— Не сниму! — дрожащим голосом сказал батюшка.
— Тогда прощайся с жизнью! — прокричал бандит; он вскинул автомат и выстрелил в священника; очередь прошла в одном сантиметре над его головой, сбив скуфейку.
Батюшка от неожиданности и от страха присел, но креста из рук не выпустил; лицо его сильно побледнело.
— Счытаю до трех! — рявкнул бандит. — И стреляю прямо в лоб! Раз! — Он чуть помедлил. — Два! — После краткой паузы он поднял дуло автомата, целясь в лоб нашему батюшке.
Тот не выдержал и дрожащими руками снял с себя крест.

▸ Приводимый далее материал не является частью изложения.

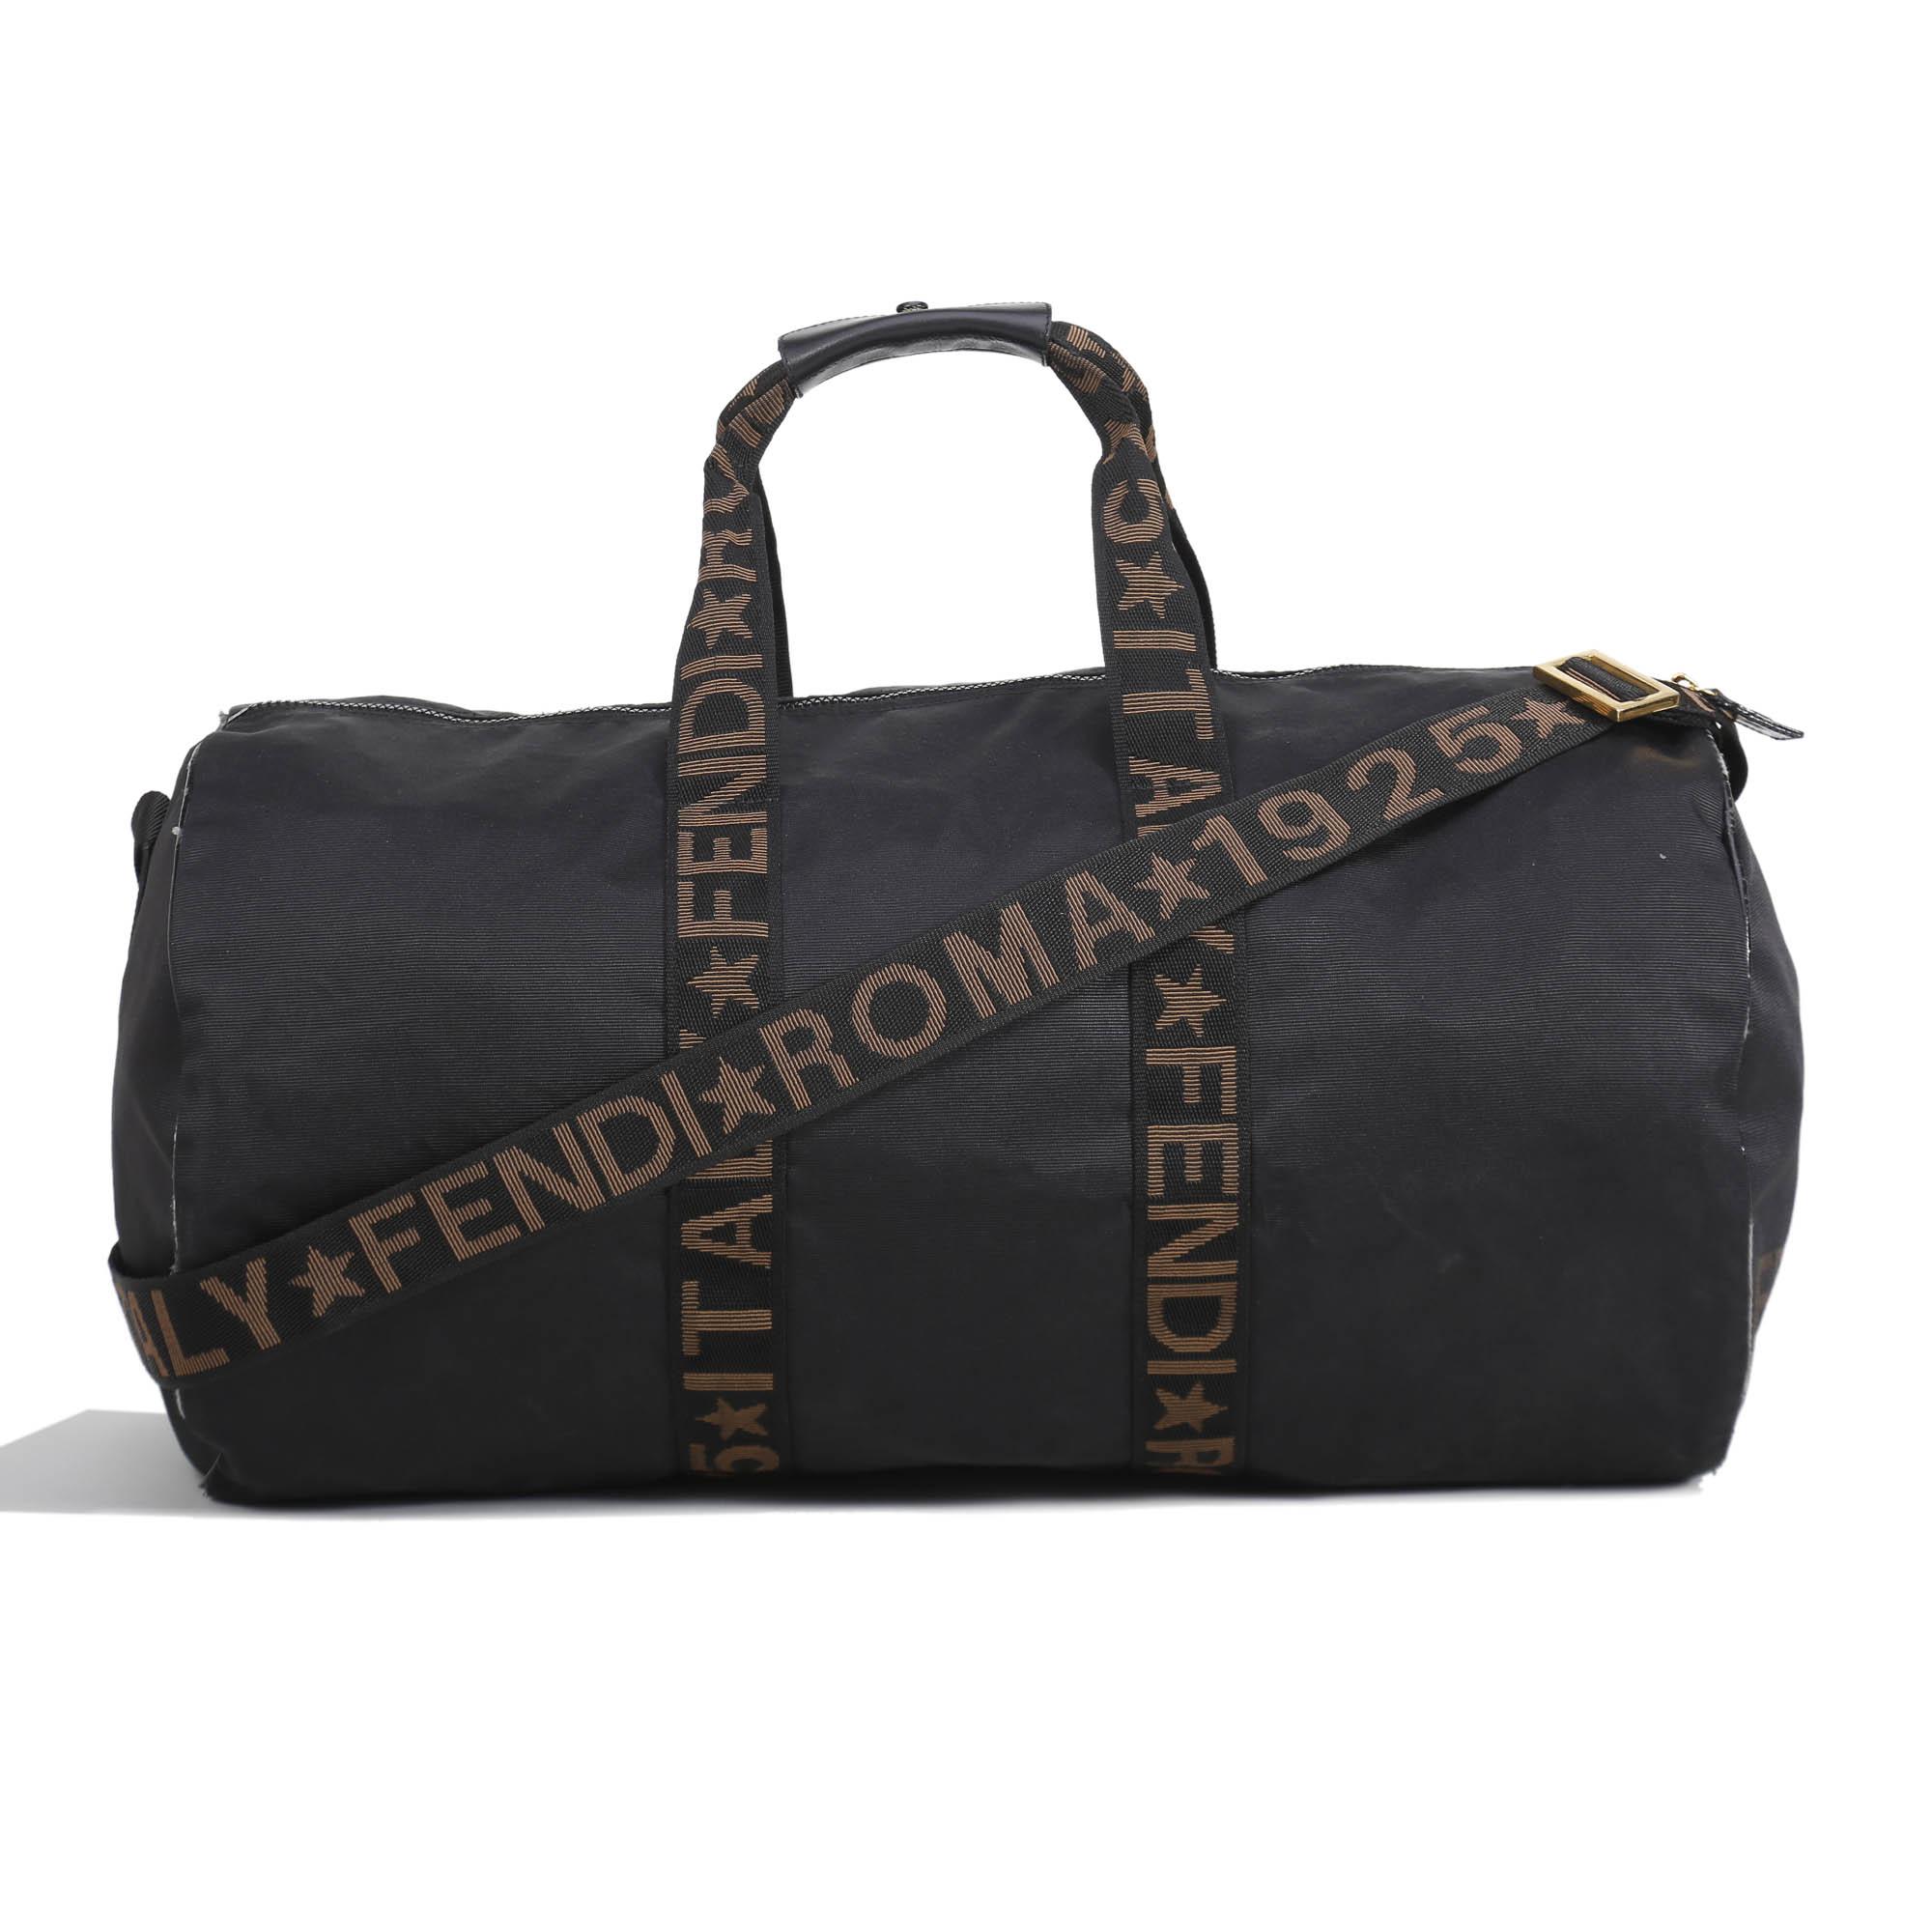 Fendi Black Nylon Carry-on Travel Bag - My Luxury Bargain bfdc3a6c9f95c
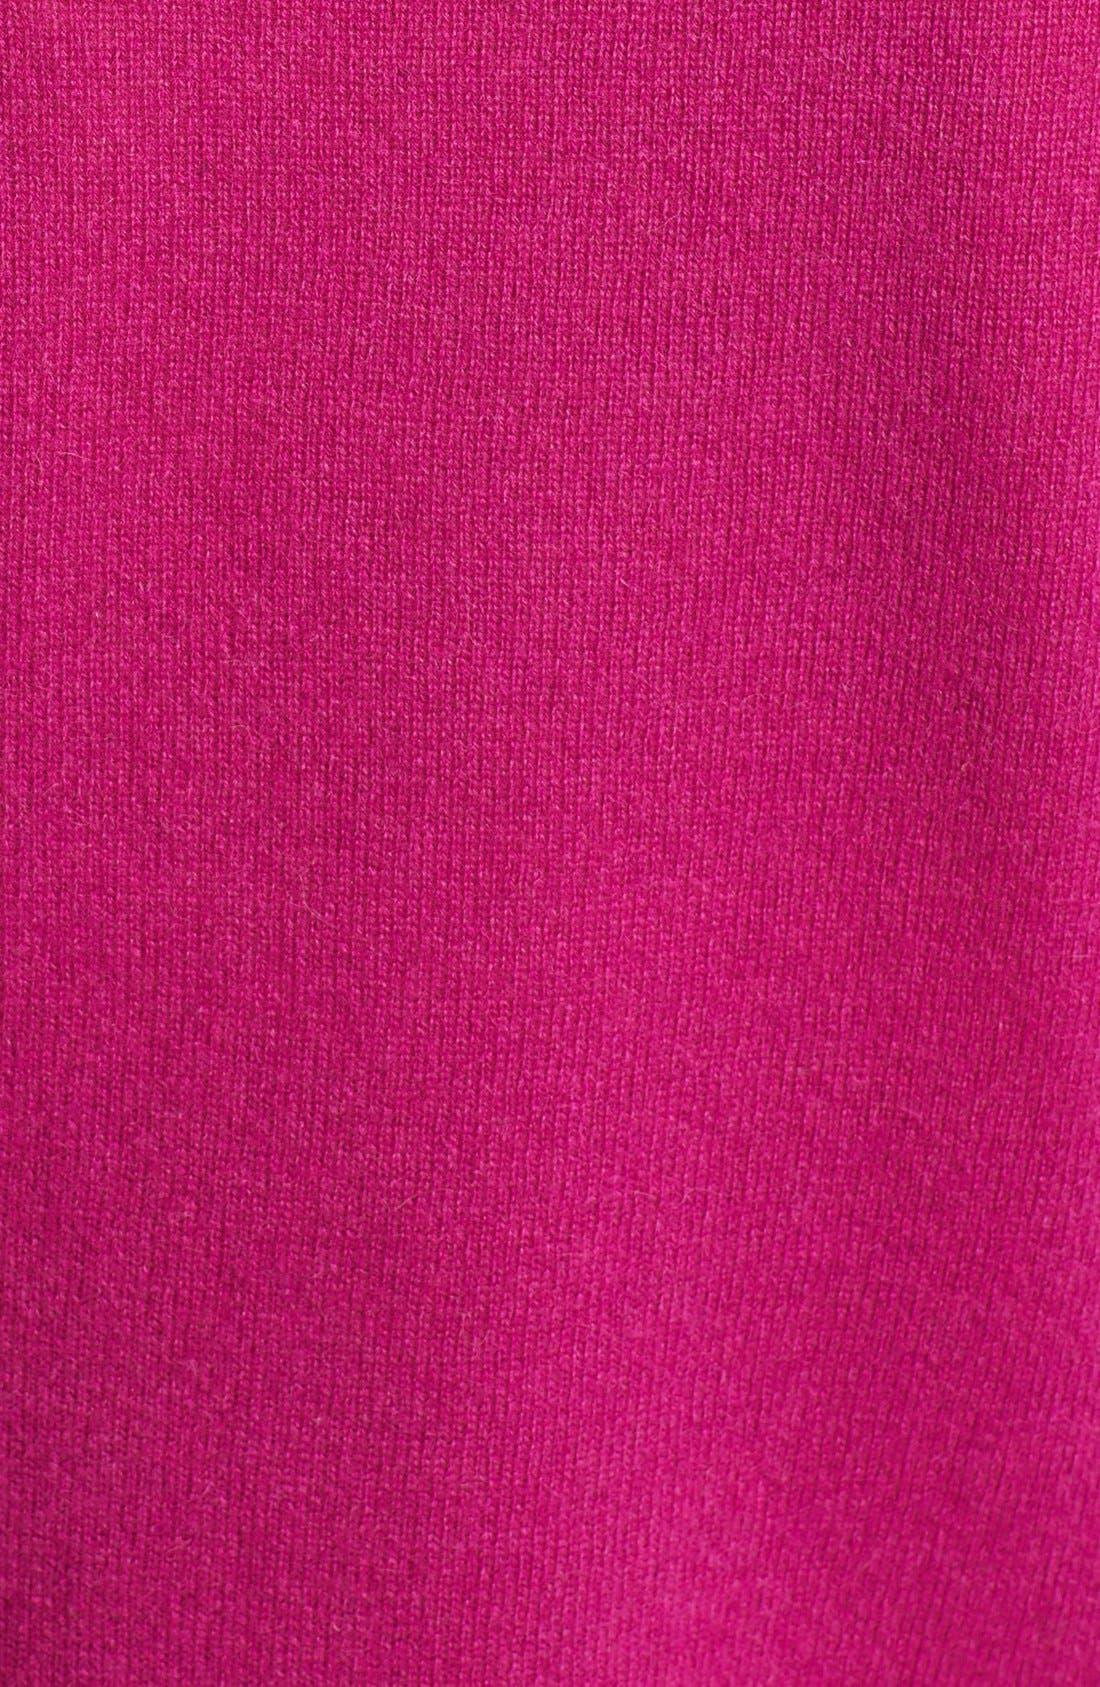 ,                             Cashmere V-Neck Sweater,                             Alternate thumbnail 80, color,                             652

— Бросай на зэмлю! — приказал бандит.
Батюшка бросил.
— Топчи!
Батюшка наступил на крест ботинком.
— Вот так! Хароши прымер!
Лицо кавказца исказила зловещая улыбка.
— Все, все сымайте свои кресты! — пуще прежнего заорал он. — Иначе всех перестреляем!
Он дал длинную очередь поверх наших голов.
Два его сообщника между тем терзали других паломников, угрозой и грубой силой принуждая их снимать с себя нательные кресты. Сняли все женщины, сняли все мужчины, сняли все подростки. И все по приказу бандитов растоптали их. Это произошло в течение каких-нибудь двух-трех минут.
Остались только три человека, которые не сняли кресты: моя мама, я и Сережа, юноша лет пятнадцати, которого я давно знаю, так как мы часто встречались в храме — мы стояли в самом конце шеренги и до нас еще не дошла очередь.
В этот момент один из бандитов, расправившись с очередным паломником, подошел к маме.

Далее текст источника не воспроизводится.